Memoization caches the result of a function call based on its arguments. Use it for pure functions (same input always produces same output) that are called repeatedly with the same arguments.
from functools import lru_cache, cache
# lru_cache with a max size — evicts least recently used entries
@lru_cache(maxsize=256)
def compute_shipping_cost(weight_kg: float, zone: str) -> float:
"""Expensive calculation based on weight and shipping zone."""
# Complex rate lookup, distance calculation, surcharges...
return base_rate * weight_factor * zone_multiplier
# cache (Python 3.9+) — unbounded, equivalent to lru_cache(maxsize=None)
@cache
def parse_config(config_path: str) -> dict:
"""Parse a config file. Result never changes for the same path."""
with open(config_path) as f:
return yaml.safe_load(f)
# Check cache statistics
print(compute_shipping_cost.cache_info())
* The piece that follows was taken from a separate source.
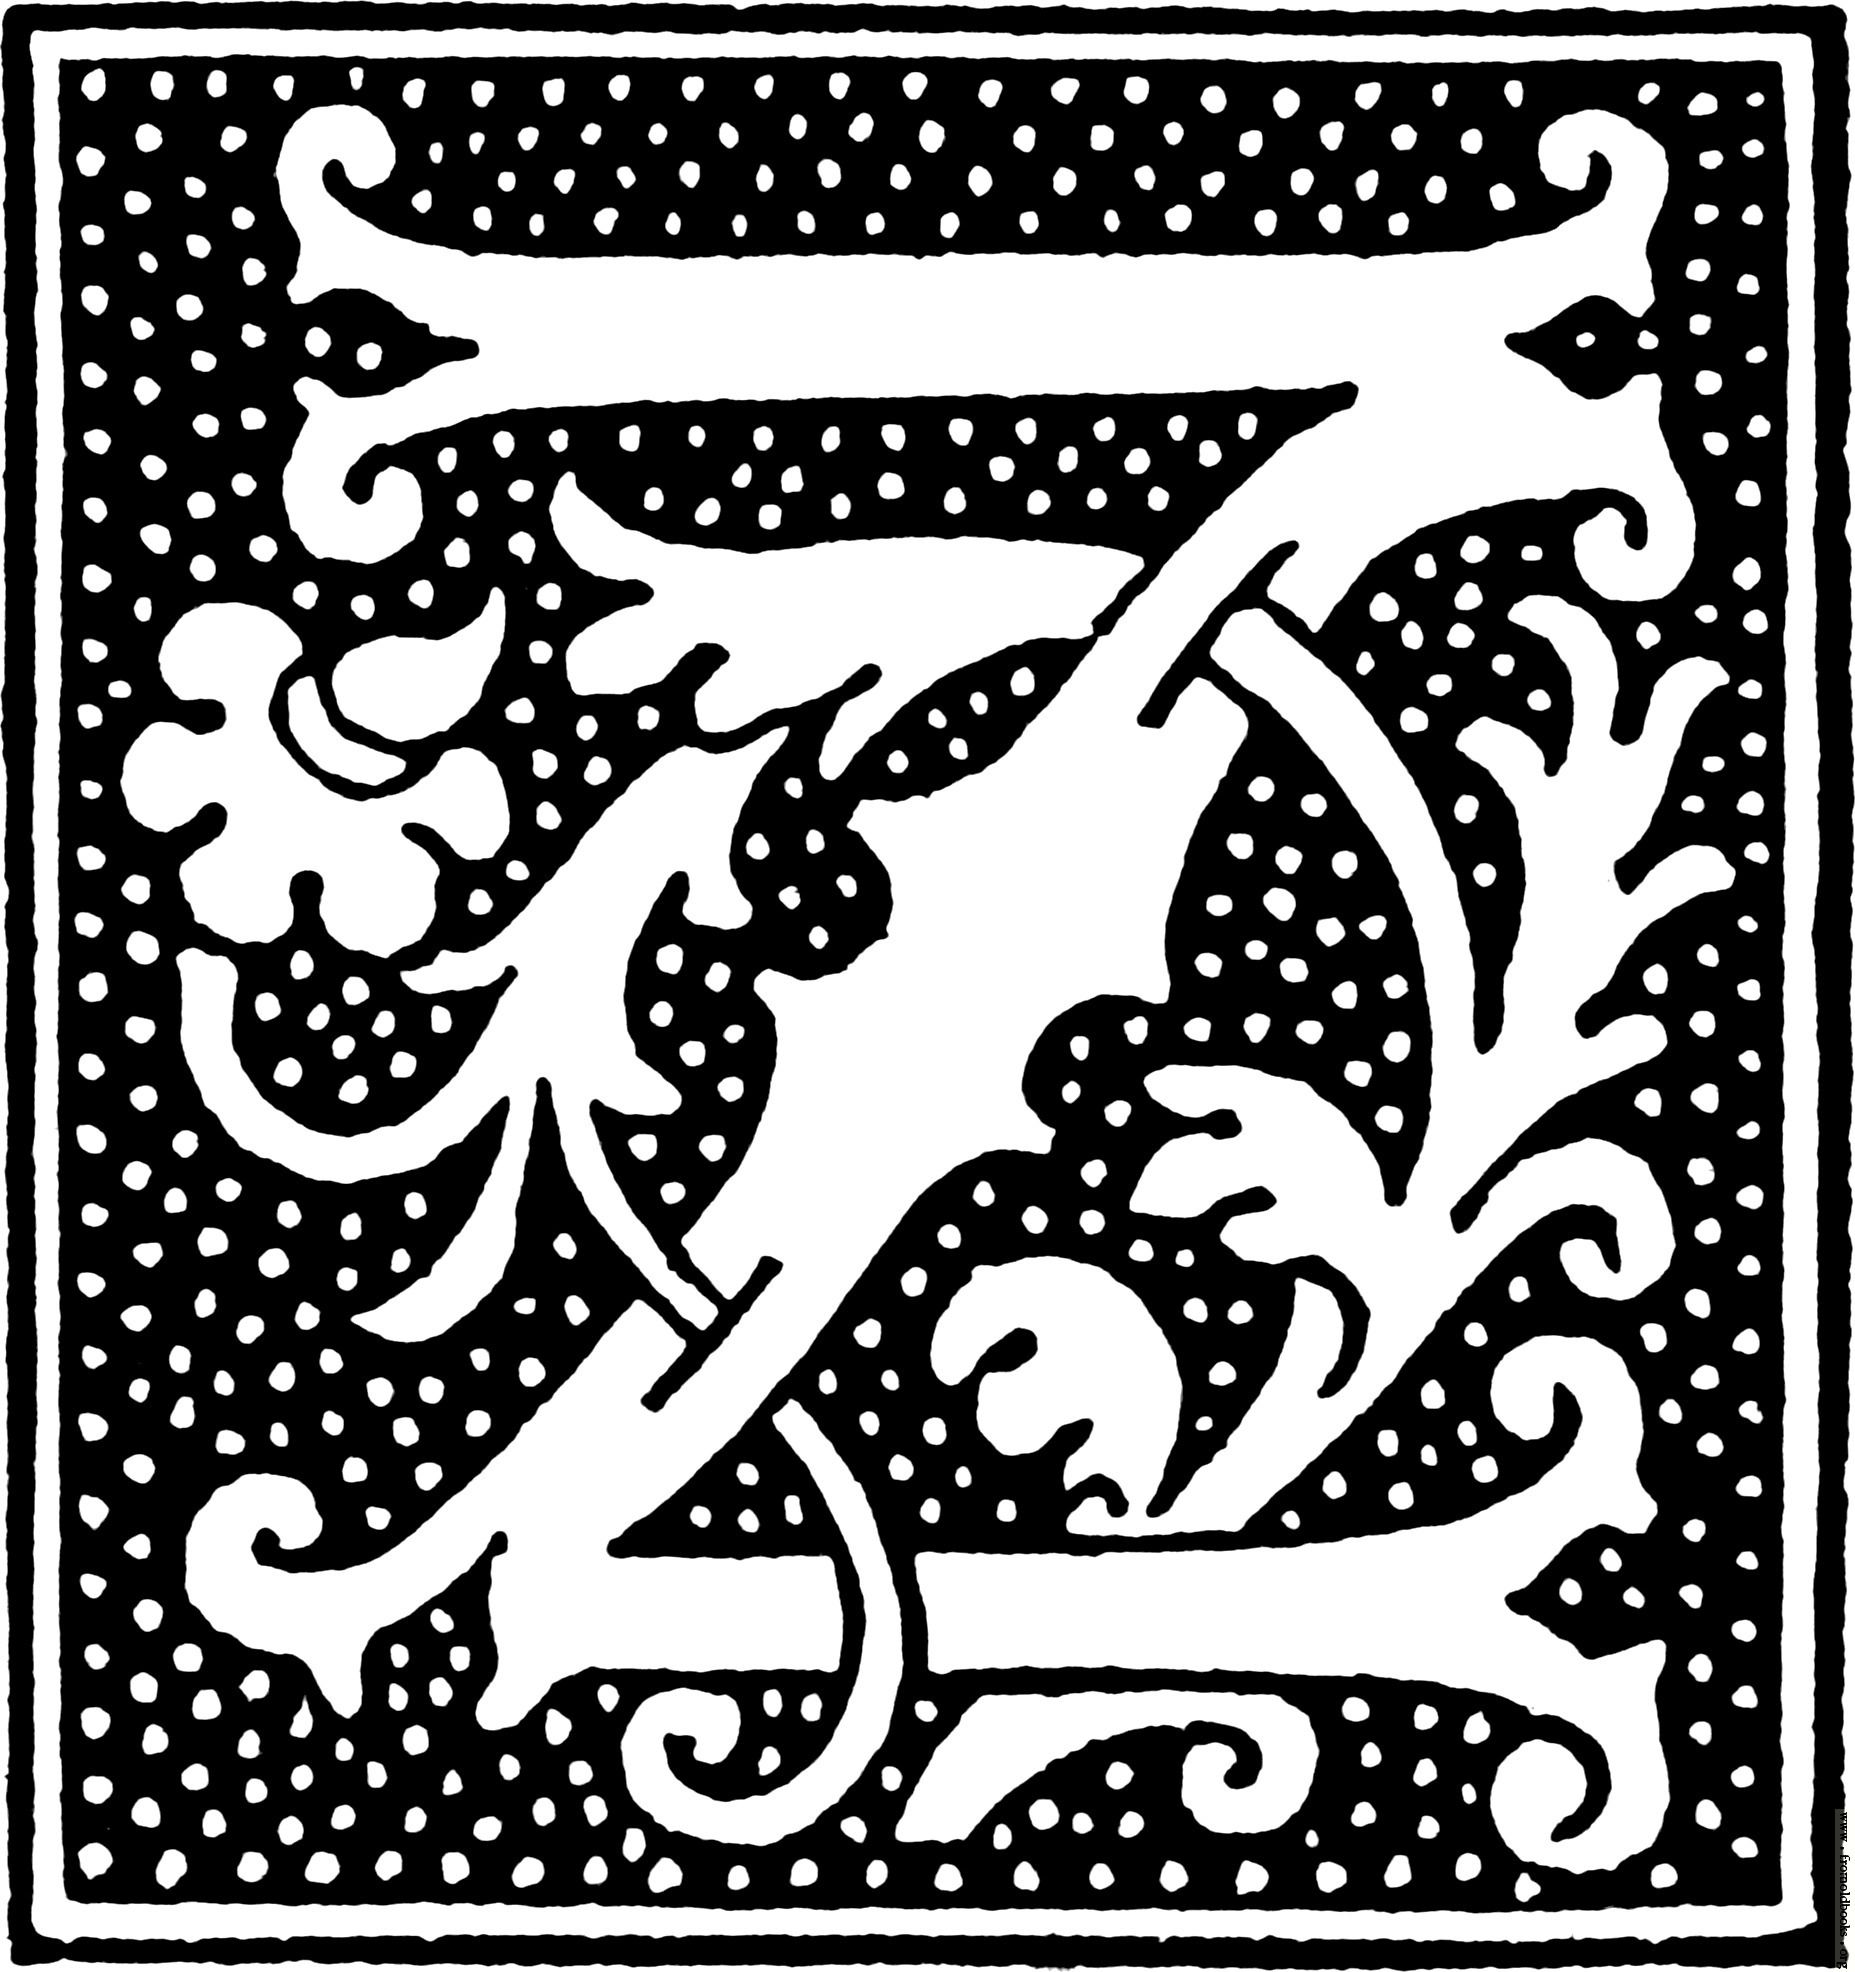 Initial Letter Z From Beginning Of The 16th Century Letter Z

# CacheInfo(hits=142, misses=23, maxsize=256, currsize=23)
# Clear cache when needed
compute_shipping_cost.cache_clear()
Important: lru_cache requires hashable arguments. It does not work with lists, dicts, or mutable objects. For async functions, use asyncache or aiocache:
# Async memoization with aiocache
from aiocache import cached, Cache
@cached(
ttl=300, # 5 minutes
cache=Cache.MEMORY,
key_builder=lambda f, *args, **kwargs: f"user_profile:{args[0]}",
)
async def get_user_profile(user_id: int) -> UserProfile:
return await user_repo.get_with_preferences(user_id)
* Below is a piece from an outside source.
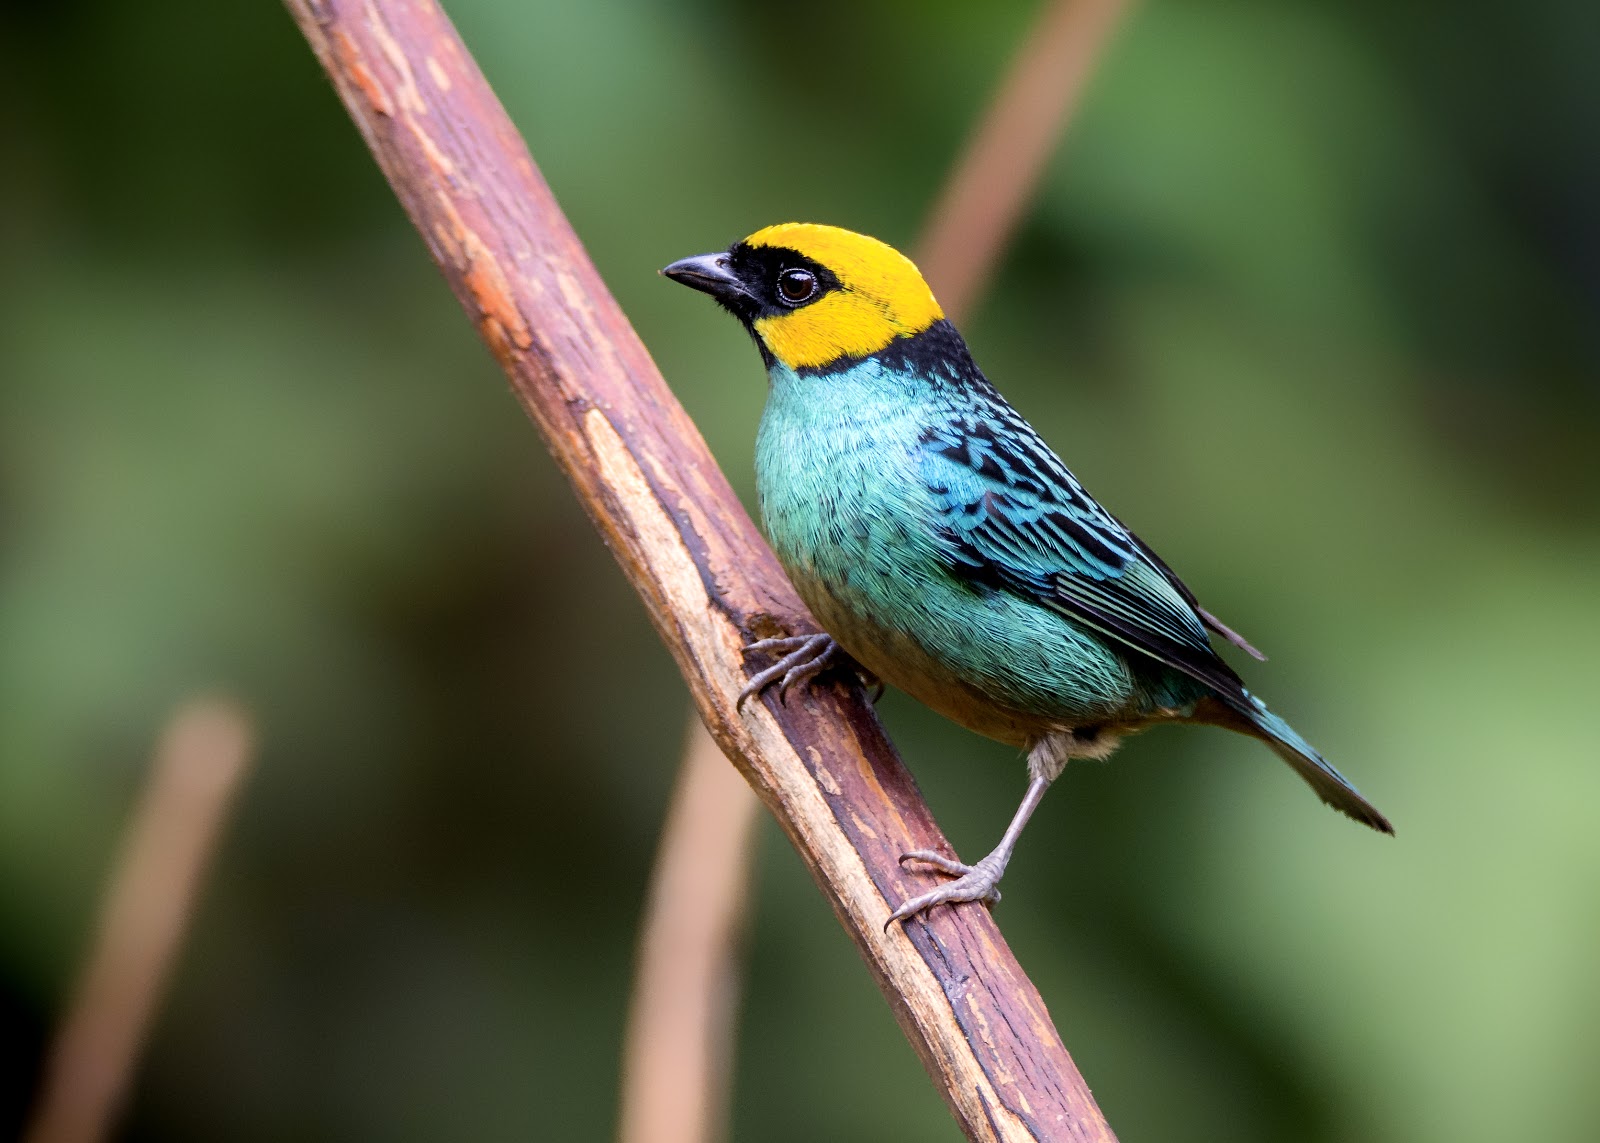 Bird tourism in Colombia takes flight — as threats to vital habitats intensify

import { useMemo, useCallback } from "react";
interface OrderSummaryProps {
items: OrderItem[];
taxRate: number;
onCheckout: (total: number) => void;
}
function OrderSummary({ items, taxRate, onCheckout }: OrderSummaryProps) {
// Memoize expensive computation — recalculates only when items or taxRate change
const totals = useMemo(() => {
const subtotal = items.reduce((sum, item) => sum + item.price * item.qty, 0);
const tax = subtotal * taxRate;
const total = subtotal + tax;
return { subtotal, tax, total };
}, [items, taxRate]);
// Memoize callback to avoid re-renders in child components
const handleCheckout = useCallback(() => {
onCheckout(totals.total);
}, [onCheckout, totals.total]);
return (
<div>
<p>Subtotal: ${totals.subtotal.toFixed(2)}</p>
<p>Tax: ${totals.tax.toFixed(2)}</p>
<p>Total: ${totals.total.toFixed(2)}</p>
<CheckoutButton onClick={handleCheckout} />
</div>
);
}
When NOT to memoize in React: Do not wrap every value in useMemo. If the computation is trivial (simple arithmetic, string concatenation, array access), the overhead of memoization exceeds the cost of recalculation. Memoize only when profiling shows a performance problem or when the value is passed as a prop to a React.memo child.
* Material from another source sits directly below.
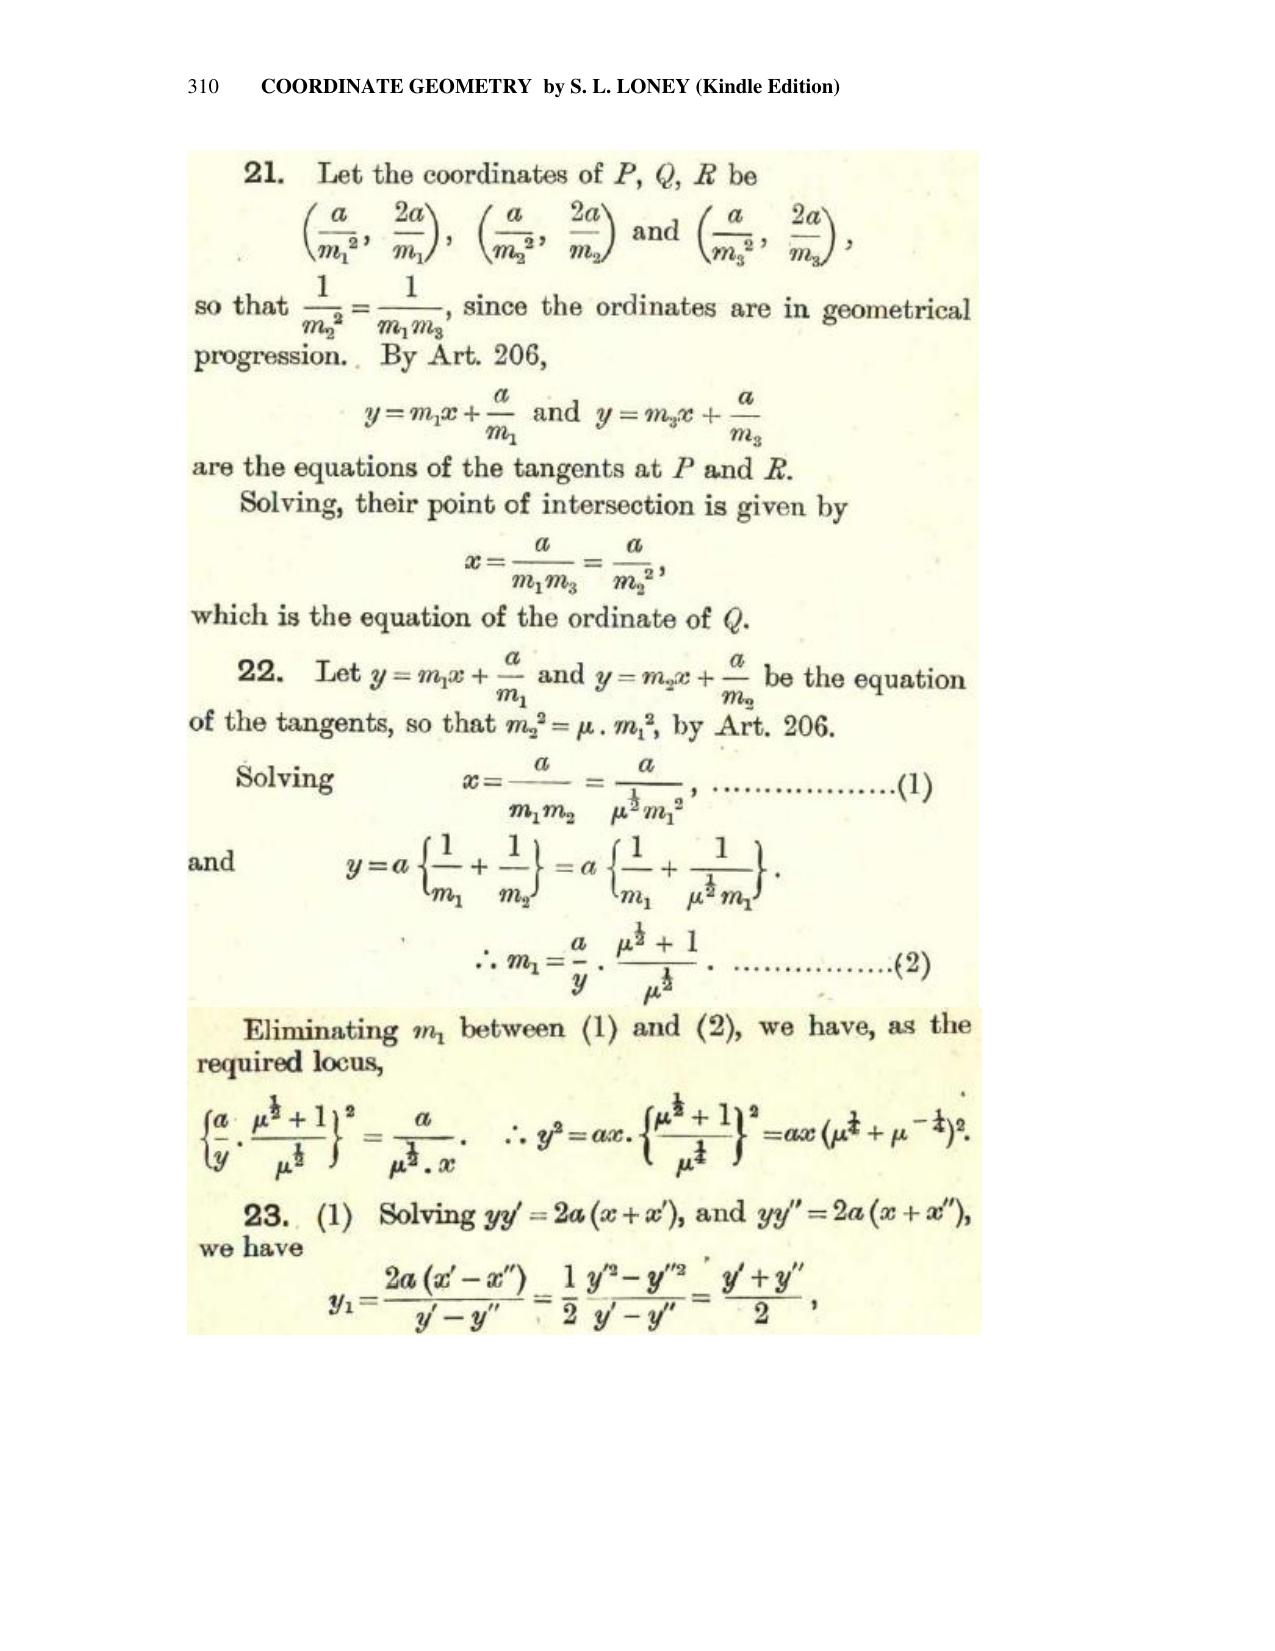 Chapter 10: The Parabola - SL Loney Solutions: The Elements of Coordinate Geometry - Page 24

HTTP caching lets browsers and CDNs serve responses without hitting your server. Get this right and you can eliminate 80% or more of redundant requests.
# Python — FastAPI response headers
from fastapi import Response
@router.get("/api/v1/products/{product_id}")
async def get_product(product_id: int, response: Response):
product = await product_service.get(product_id)
# Public: CDN and browser can cache. max-age: browser TTL. s-maxage: CDN TTL.
response.headers["Cache-Control"] = "public, max-age=60, s-maxage=300"
return product
@router.get("/api/v1/me/profile")
async def get_my_profile(response: Response, user: User = Depends(get_current_user)):
# Private: only browser cache, not CDN (contains user-specific data)
response.headers["Cache-Control"] = "private, max-age=300"
return user
@router.post("/api/v1/orders")
async def create_order(order: OrderCreate, response: Response):
# No cache for mutations
response.headers["Cache-Control"] = "no-store"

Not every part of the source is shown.